Over the next eight years in California, the state’s new Fair School Funding law (also known as the Local Control Funding Formula) will bring nearly $170 million in increased funding to Oakland Unified, where some 80 percent of students are either low income, designated English Learners or foster youth. These high need students are the intended recipients of the additional funding.

And while the law requires individual schools and parents to have more say in how the money will be spent, proposed regulations set ot be heard by the State Board of Education this week interpreting key portions of the law would give districts increased flexibility in how they spend the new funds. Advocates of disadvantaged students say the increased flexibility would come at the cost of ensuring the funds go to the students they are intended for.

“I hope they don’t forget these inner-city kids,” Woods says of school officials making funding decisions. “For some reason the world always seems to forget. These are kids who become loyal, working citizens. Imagine if they had the education.”

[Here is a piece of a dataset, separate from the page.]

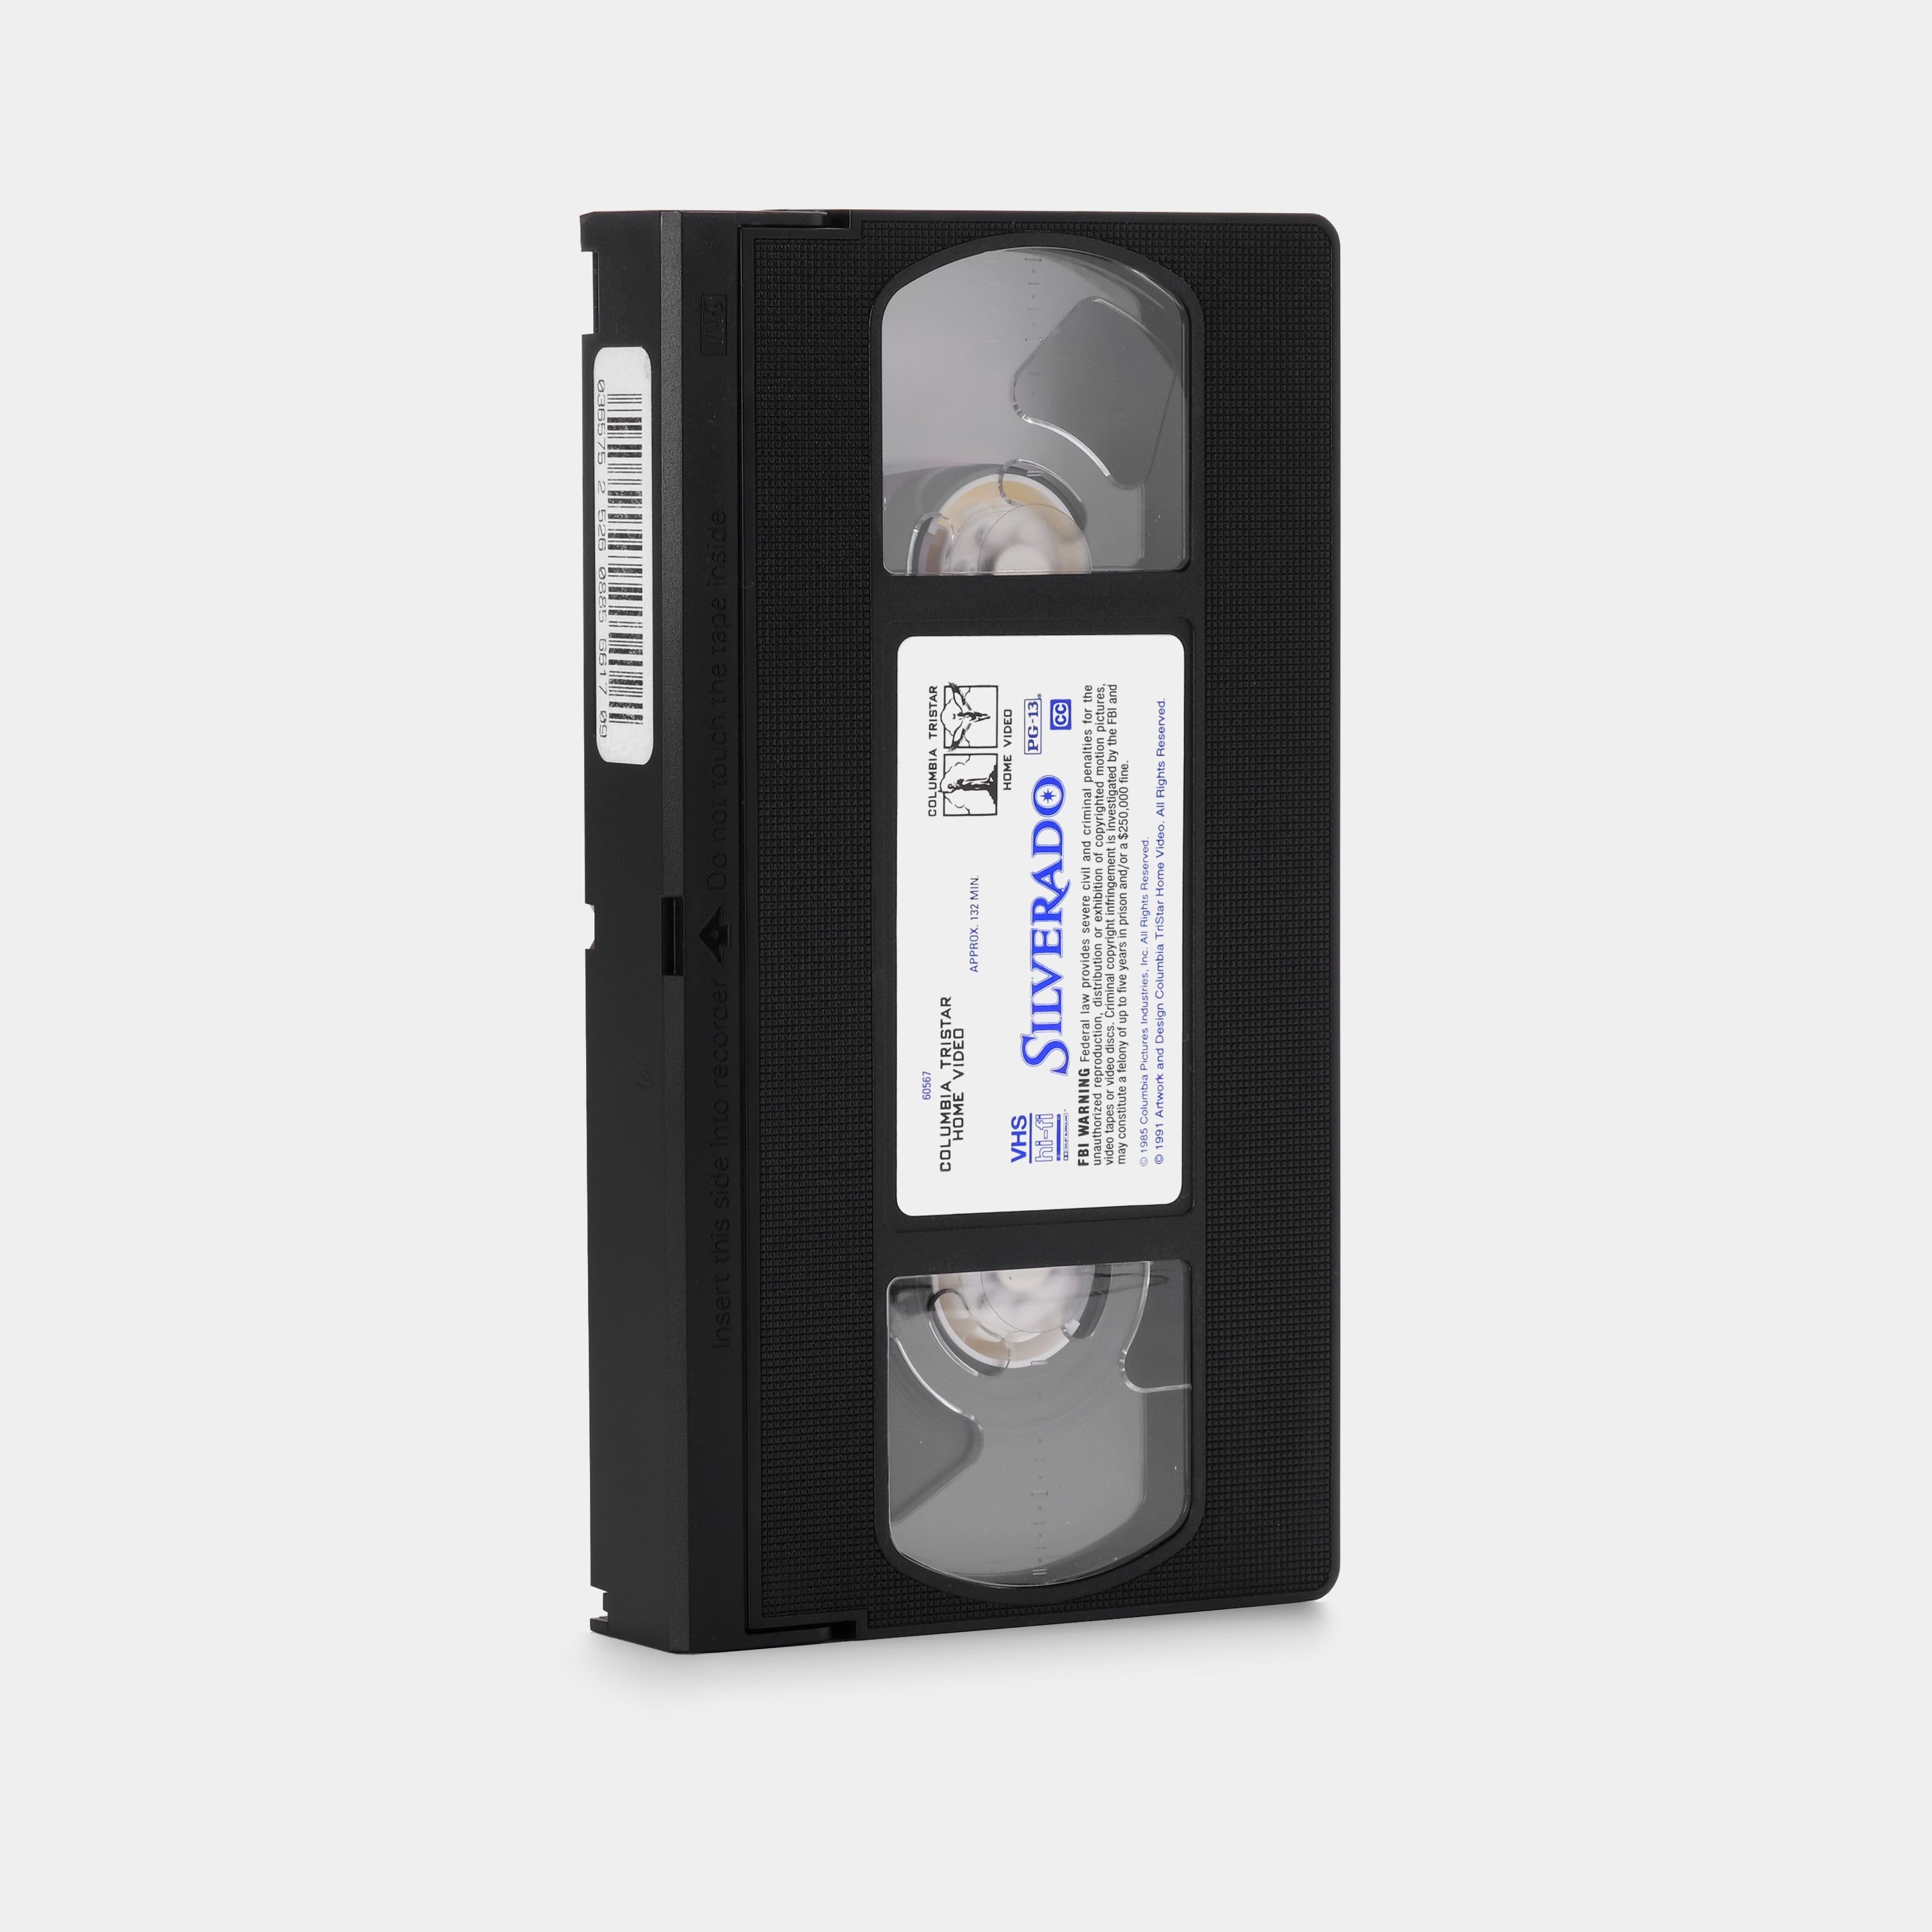 Silverado VHS Tape

“Give them the same benefits as others. That’s something that’s never been done,” she says.

Elizabeth Devora, another parent at the forum, has three children attending schools in the district. Like Woods, her primary concern is making sure that teachers are adequately prepared.

Devora says that at her son’s previous school, she was in frequent communication with his teacher, and the teacher repeatedly told her that her son was doing well. But then when his report card arrived, Devora discovered that he had failed all of his classes.

Devora primarily speaks Spanish and her son’s teacher at the time did not; a translator wasn’t made available, which Devora thinks was part of the problem.

Now, when she asks her son’s teachers what needs to be done, they tell her that her son “needs motivation.” When she asks her son what’s wrong, he says that he wants to be able to play sports. At his current school, Devora says, there’s no athletic program.

She thinks the teachers need to be better prepared with strategies for engaging kids, and the schools need to offer more extracurricular activities. “I don’t want children to have to go through this, my own kids or others,” she says.

Akua Jackson, the executive director of Youth Together, an Oakland-based community organization that advocates for better conditions in schools, is most concerned about the lack of transparency in the way financial decisions are made that affect Oakland Unified. “After so many years of disinvestment, it’s easier to [continue to] disinvest than to figure out how to fix this,” she says of the district’s inadequate resources.

But for her, the community forum is a step in the right direction.

“[It’s] not just experts in a room somewhere,” she said, “but parents and students being engaged.”